Die Haut wird von einer großen Bandbreite unterschiedlicher Mikroorganismen (Bakterien, Malassezien und Pilze) besiedelt, die in ihrer Gesamtheit als Mikrobiota bezeichnet werden. In den letzten Jahren haben verbesserte Technologien zur DNA-Sequenzierung wie das „Next-Generation-Sequencing“ die Identifizierung einer breiten Palette dieser Hautresidenten ermöglicht. Die Mikrobiota kann zwischen verschiedenen Körperstellen desselben Hundes in signifikantem Maße variieren. Anzumerken ist zudem, dass die Mikrobiota der Haut durch externe Faktoren wie topische Therapien, systemische Medikationen (insbesondere Antibiotika) und Umweltbedingungen beeinflusst werden kann.

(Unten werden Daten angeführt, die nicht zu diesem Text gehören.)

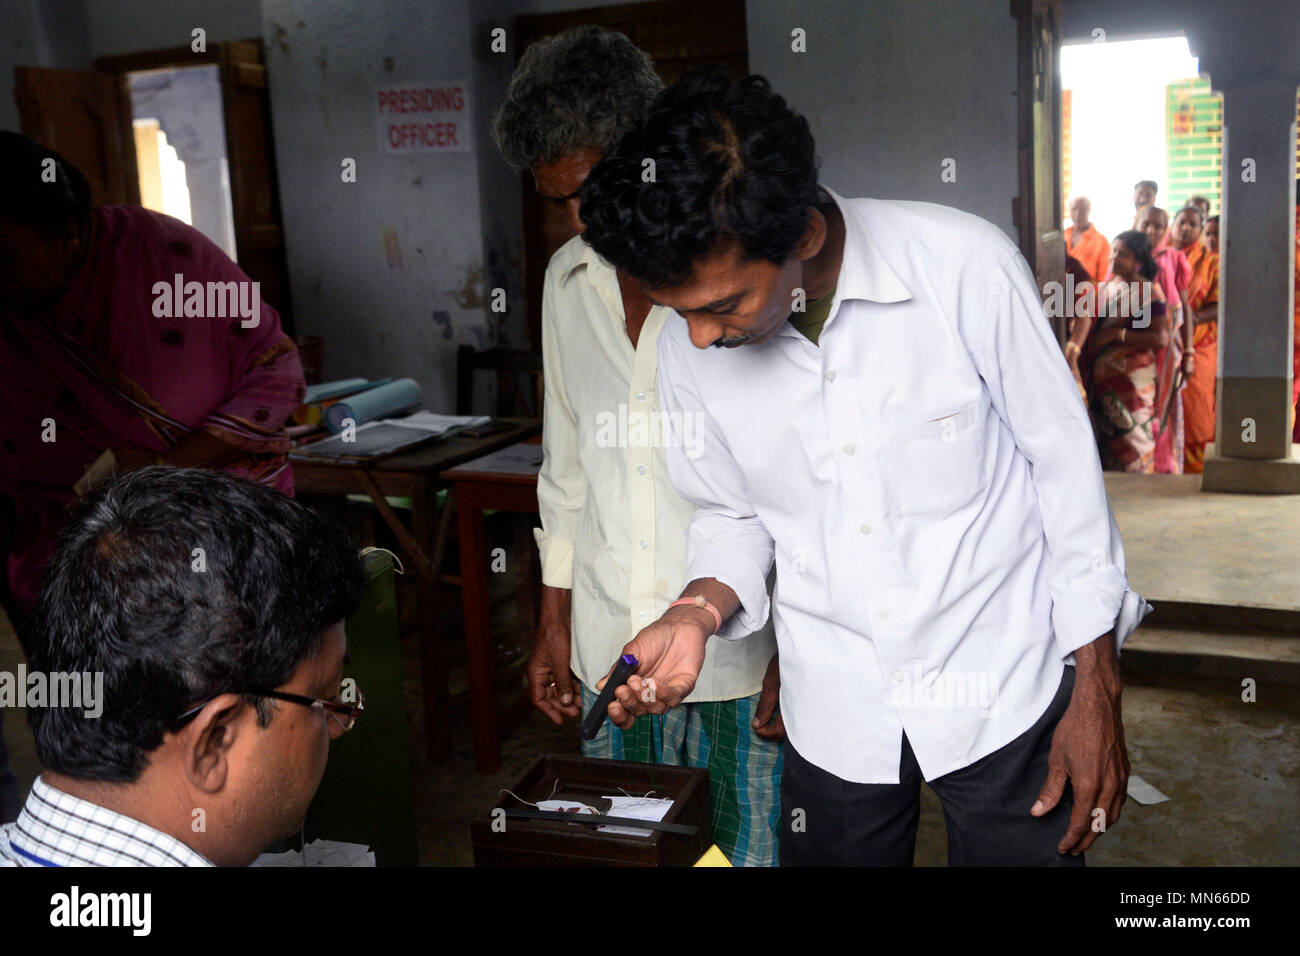 Kolkata, India. 14th May, 2018. Indian man looks the stamp before casting his vote at polling station at Singur area of Hooghly district during the West Bengal Three Tier Panchayat Election 2018. Single phase Three Tier Panchayat Election 2018 held at the district of West Bengal, over all 72.5% polls recorded till the end. Credit: Saikat Paul/Pacific Press/Alamy Live News Stock Photo

Die Exposition gegenüber einem breiten Spektrum unterschiedlicher Mikroorganismen während des frühen Lebens trägt zu einer Anpassung der Mikrobiota in Richtung nicht- schädlicher Mikroorganismen bei 5. Dies spiegelt sich in der so genannten „Hygienehypothese“ der Atopie beim Menschen wider. Aufgestellt wurde die Hygienehypothese im Jahr 1989, um die zunehmende Prävalenz atopischer Erkrankungen beim Menschen zu erklären. Der Hygienehypothese zufolge kann eine höhere Inzidenz von Infektionen während der frühen Kindheit einen Schutz vor der Entwicklung atopischer Erkrankungen im späteren Leben bieten. Säuglinge werden tendenziell mit einer durch Th2-Zellen (Typ2-T-Helferzellen) vermittelten Immunreaktion geboren. Postnatal kann die Th2-Reaktion unter dem Einfluss einer mikrobiologischen Exposition schnell abgeschaltet oder aber umgekehrt durch eine frühe Exposition gegenüber Allergenen verstärkt werden. Bekannt ist, dass Th2-Zellen an allergischen Reaktionen beteiligt sind, während die Th1-Reaktion im Wesentlichen gegen infektiöse pathogene Erreger gerichtet ist. Im Idealfall sollten sich beide Immunreaktionen in einem Gleichgewicht befinden. So wird zum Beispiel ein ausgewogenes, im Gleichgewicht befindliches Th1/Th2-Muster bei Kleinkindern beobachtet, die im späteren Leben eine geringere Wahrscheinlichkeit für die Entwicklung atopischer Erkrankungen zeigen. Leider gibt es aktuell keine Forschungsergebnisse, die diese Hygienehypothese auch bei Hunden mit AD stützen würden. Untersuchungen deuten aber darauf hin, dass atopische Hunde eine geringere Diversität ihres Hautmikrobioms aufweisen als gesunde Hunde 6. Darüber hinaus kommt es bei AD-Hunden während akuter Erkrankungsschübe zu einer vorübergehenden Störung des Gleichgewichts der Mikrobiota (Dysbiose), die in erster Linie auf eine substanzielle Zunahme von Staphylococcus spp. zurückzuführen ist. Unter einer antibiotischen Therapie und nach Remission der Effloreszenzen geht der transepidermale Wasserverlust jedoch zurück, und die mikrobielle Diversität wird wiederhergestellt 7

Canine atopische Dermatitis  

Bei der cAD handelt es sich um eine pruriginöse, vorwiegend von T-Zellen angetriebene entzündliche Hauterkrankung. Ihre Entwicklung basiert auf einer multifaktoriellen Pathogenese mit einem komplexen Zusammenspiel von Immundysregulation, Defekten der Hautbarriere, genetischer Prädisposition, Umweltfaktoren und Dysbiose (Abbildung 2). Vermutet wird, dass Umweltfaktoren eine wichtige Rolle bei der Entwicklung von cAD spielen 3, da die Lebensweise eines Hundes, insbesondere während des Welpenalters, einen erheblichen Einfluss auf die Reifung des Immunsystems hat. So können zum Beispiel das Aufwachsen in einer ländlichen Umgebung, eine hohe Anzahl von Familienmitgliedern und der Kontakt zu anderen Tieren das Risiko für die Entwicklung von cAD im späteren Leben senken. Darüber hinaus gibt es Hinweise darauf, dass eine Infektion mit Toxocara canis eine schützende Wirkung gegen die durch Dermatophagoides farina (Hausstaubmilbe) ausgelöste cAD haben könnte 3.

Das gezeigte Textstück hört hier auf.